As soon as we were out of the shop I asked, “Why can’t you be with him?”

“Who?” she replied.

“Mr. Hetherington. It’s plain to see he’s the man you love.”

She didn’t bother to deny it. Standing under the awning, looking to where a few stray snowflakes had appeared in the sky, she said, “Mr. Hetherington has a wife.”

“Oh.”

She explained that Mrs. Hetherington had been ill for some time with consumption. Dr. Sadie had tried everything she could to help her, but it was a difficult case and the woman was wasting away a little more every day. She and the apothecary had first started spending time together in an effort to find ways to help his wife, but as time passed and her condition worsened, Dr. Sadie had begun to feel drawn to cure the sadness of the husband. It was a constant struggle for her and for Mr. Hetherington as well.

“There’s nothing to be done … for either of us,” she said.

“Perhaps when Mrs. Hetherington is gone …”

“Shh, Moth. That’s enough.”

Waiting at the corner till it was safe to cross the street, Dr. Sadie traced the edge of a low tree-stump with the toe of her boot. “I asked the old pear tree a question once, when it was still standing here,” she said.

“The pear tree?” I asked, my heart racing.

“My father brought me here to see it when I was young,” she said. “Mr. Huber was the apothecary then, and his kindness towards me was part of the reason why I chose to become a doctor. On the first Sunday in June, people came from all over the city, old Dutchmen like my father, mostly, to tie their wishes to the tree’s branches. It was such a shame when the tree came down.”

When the leaves of a pear tree emerge in the spring, they bear much the same colouration as the fruit. Yellow-green, with a blush of pink around the edges, they serve as messengers of the sweet reward warm days and gentle rains are sure to bring.

All the times I’d pictured the tree, it was thriving, older and wiser than ever, still giving magic to anyone who dared to ask for it. I’d hoped one day to stand in the spot my father had stood in with Mama and ask it a few questions of my own.

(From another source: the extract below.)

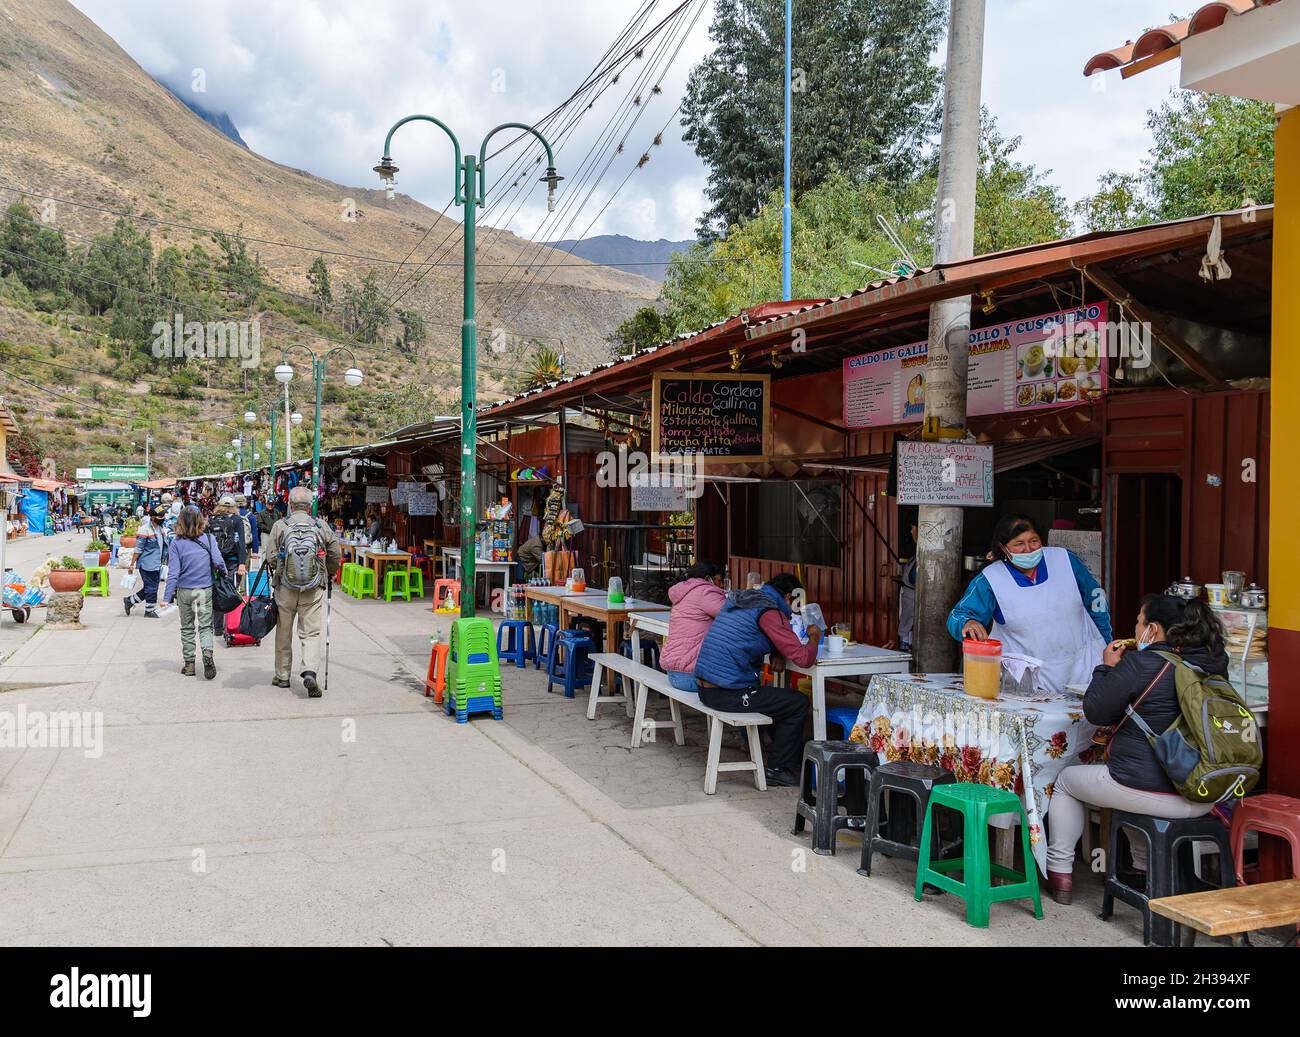 La comida está a lo largo de la calle concurrida hasta la estación de tren. Ollantaytambo, Cuzco, Perú. Foto de stock

“Did you get an answer?” I asked.

“I did,” she replied, and then said nothing more.

Crouching close to the stump, I hoped the tree’s voice might come up from the ground. People were passing by on all sides, busy with getting where they needed to go.

“I’m here,” I told it. “It’s me, Moth.” I wanted the dusty, worn-down stump to know me, to welcome me back, to tell me that my father was waiting for me somewhere.

“Come live with me, Moth,” Dr. Sadie said, now holding out her hand to help me up. “I’ll make room for you in my garret, and you won’t have to worry about a thing.”

If it had been her, instead of Mae, who’d saved me from Mr. Cowan, we might already be keeping house together, singing songs as we darned socks or telling stories in the dark at the end of the day. But I knew Miss Everett would make me honour my commitment to her, and I couldn’t ask Dr. Sadie to buy me out—how would she ever afford it? I had no choice but to follow through with Miss Everett’s plan.